Task brief:
Restate word for word all of the lines below, with each image left out.

Data:
Start of Block

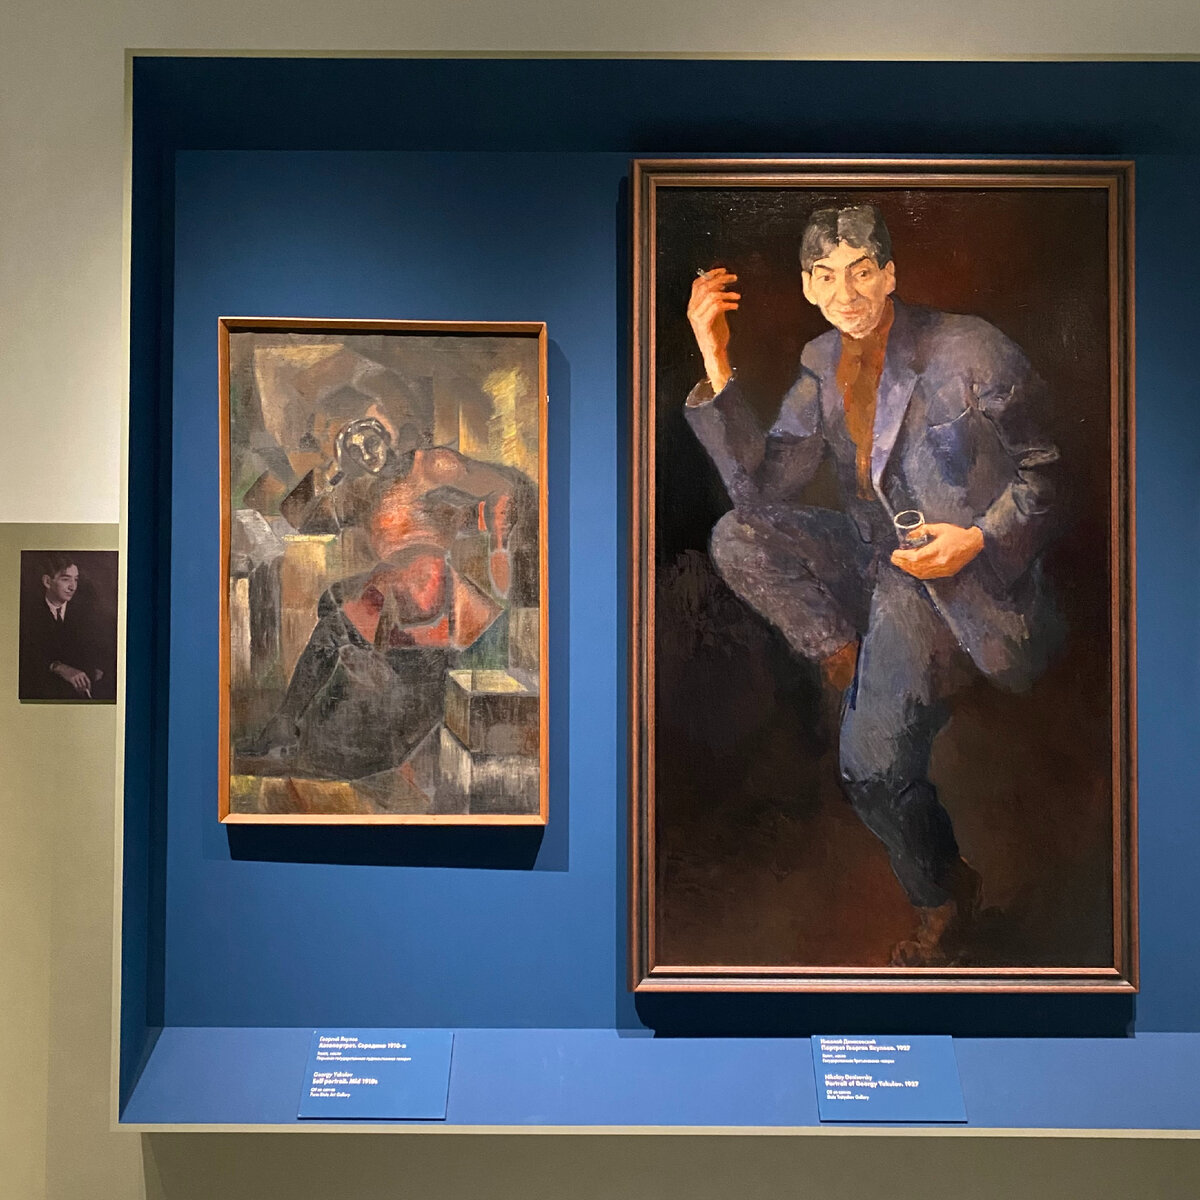 Фото автора. Музей Русского импрессионизма. Слева - автопортрет.
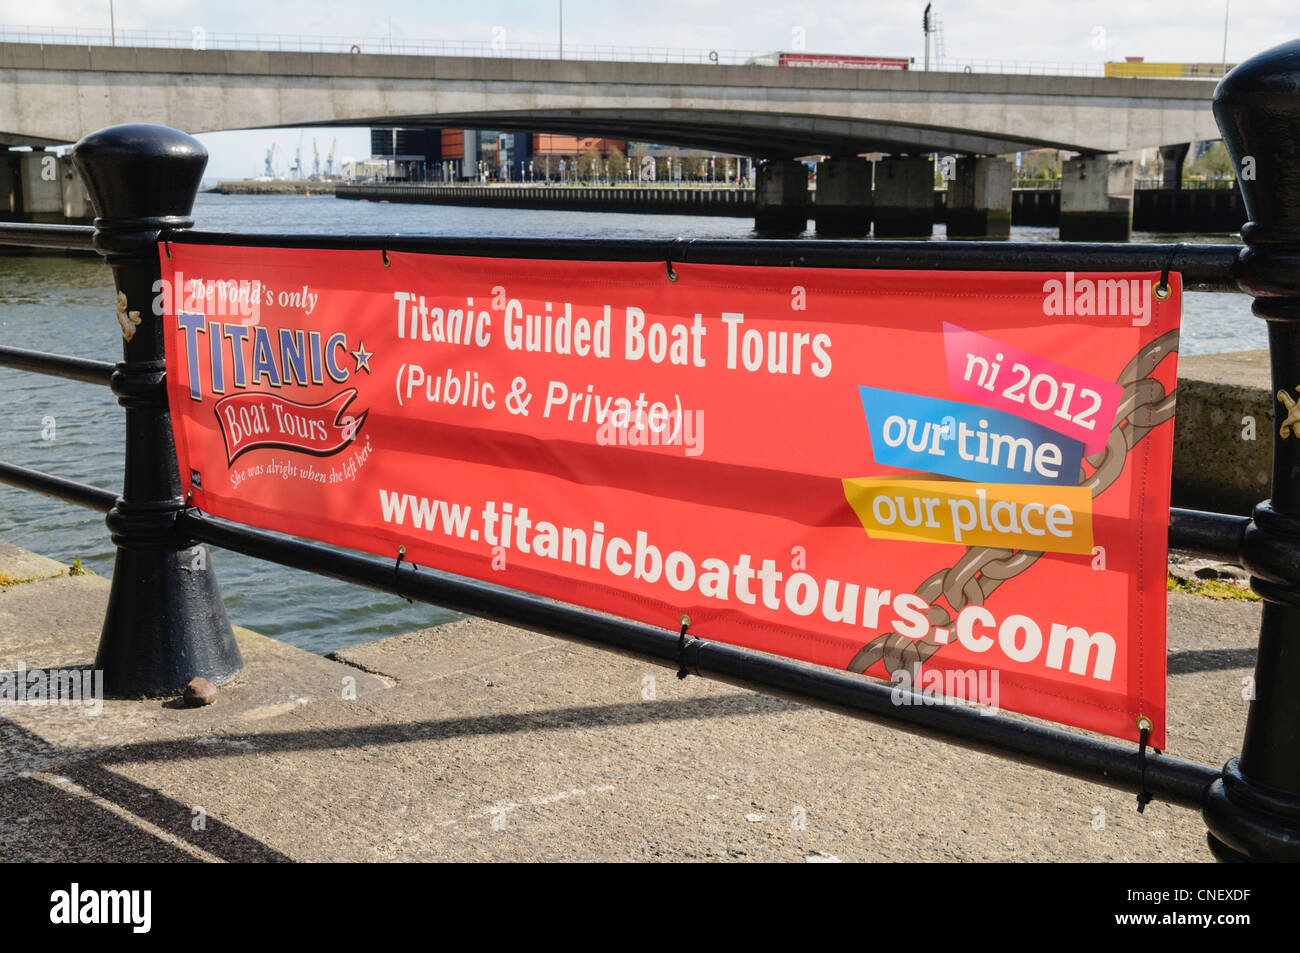 Titanic boat tours banner Stock Photo
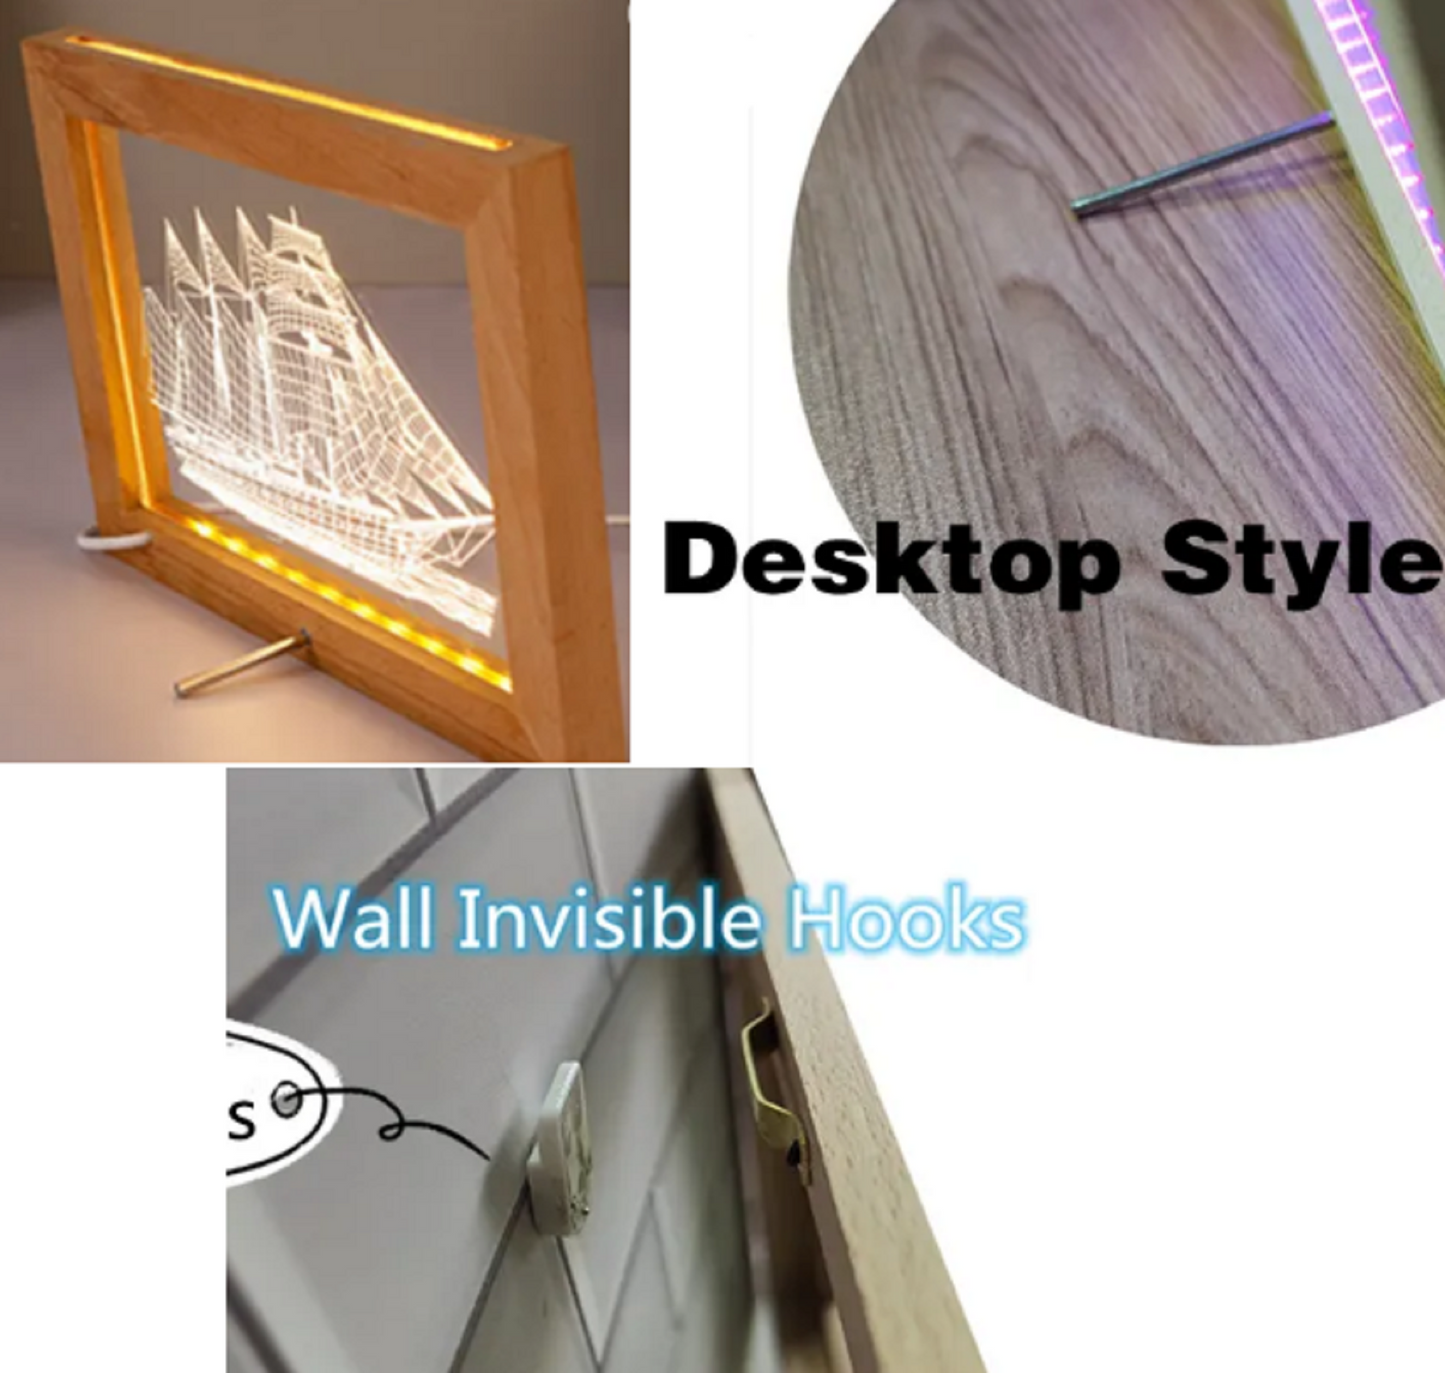 Neon Sign Framed Dual Color Recording Studio Microphone Home Studio Music Wall Desktop Decor
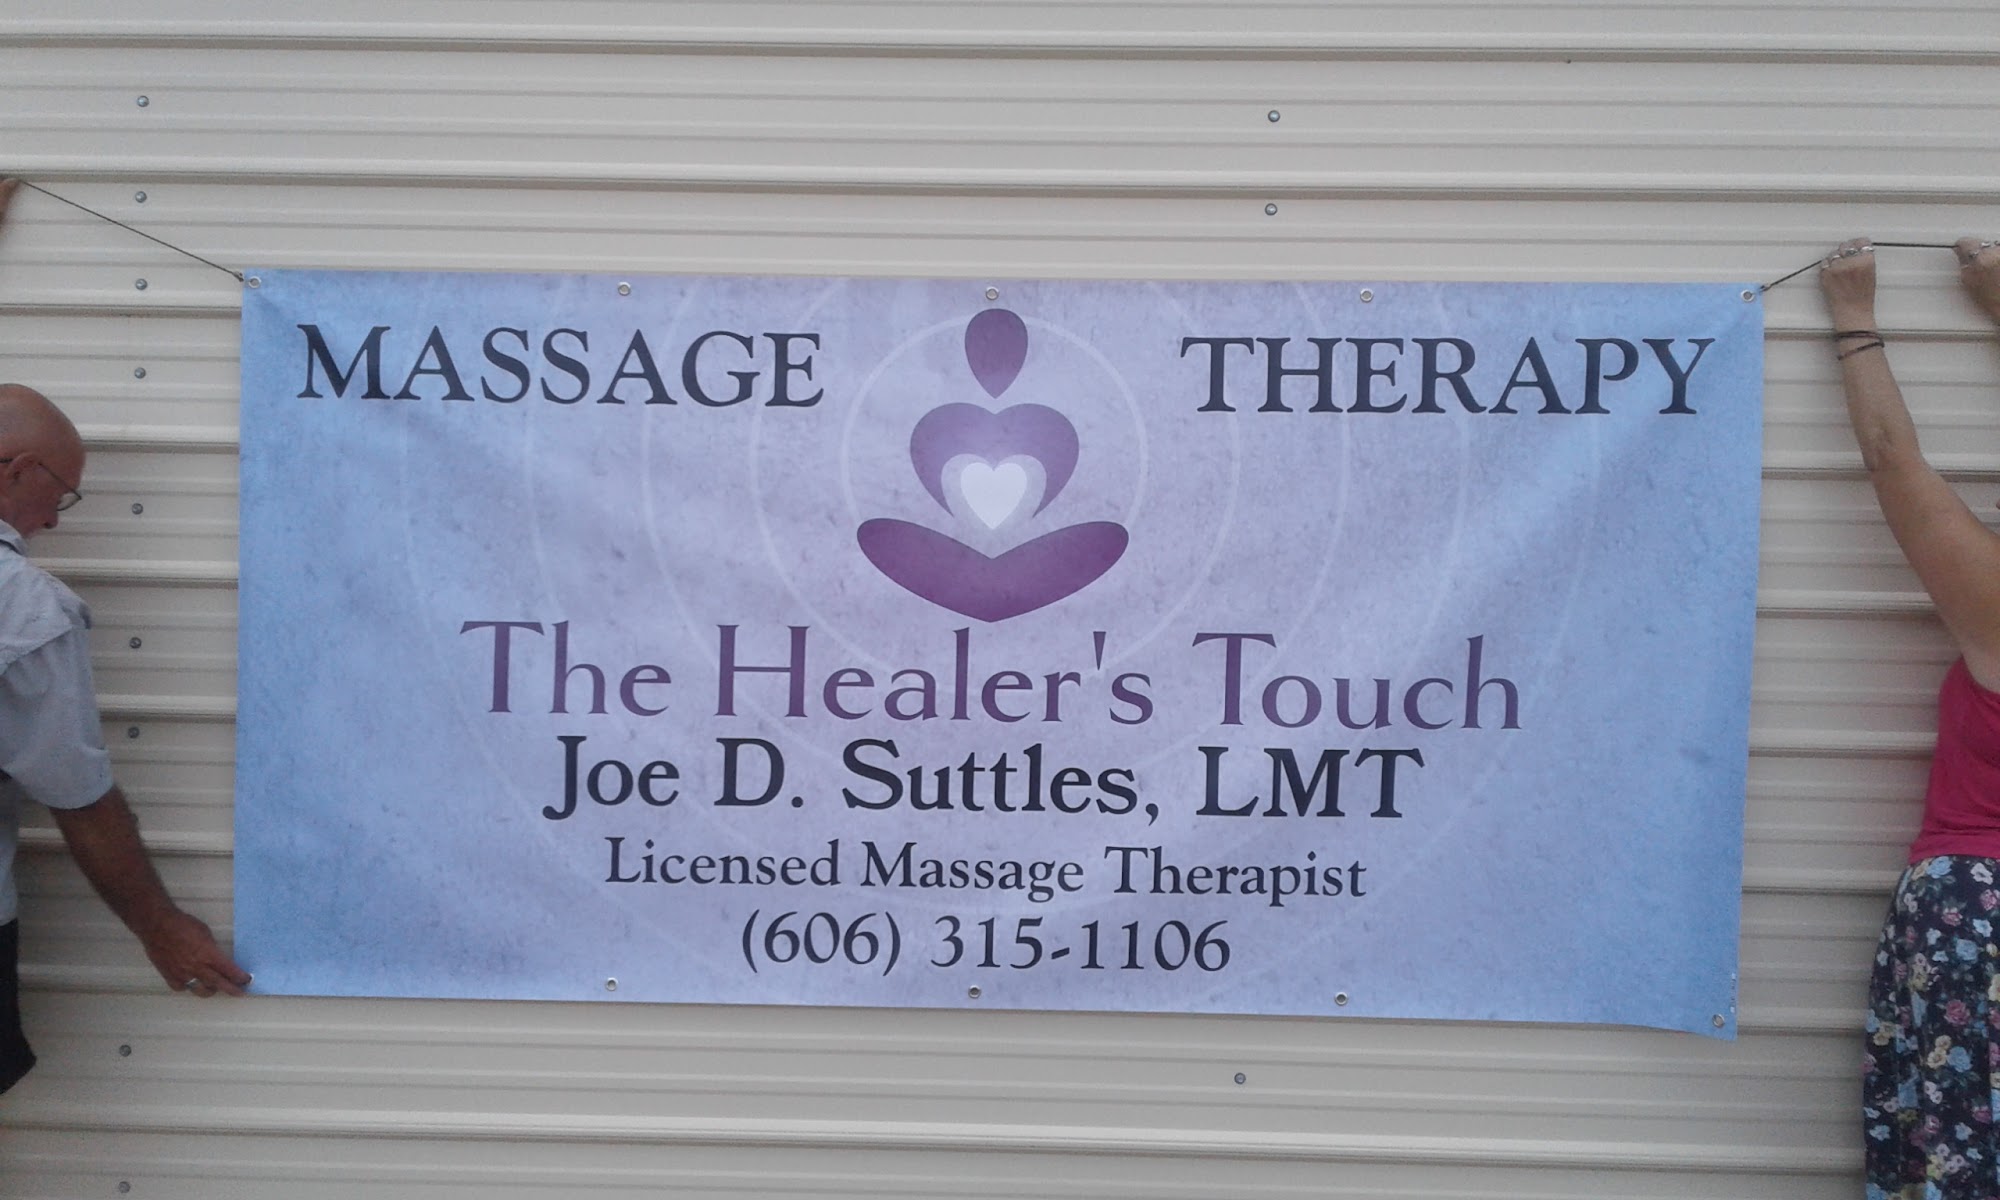 The Healer's Touch Holistic Massage & Botanica 279 E Main St Blair Building, Morehead Kentucky 40351

End of Block

Completed exercise:
 Фото автора. Музей Русского импрессионизма. Слева - автопортрет.
 Titanic boat tours banner Stock Photo
 Neon Sign Framed Dual Color Recording Studio Microphone Home Studio Music Wall Desktop Decor
 The Healer's Touch Holistic Massage & Botanica 279 E Main St Blair Building, Morehead Kentucky 40351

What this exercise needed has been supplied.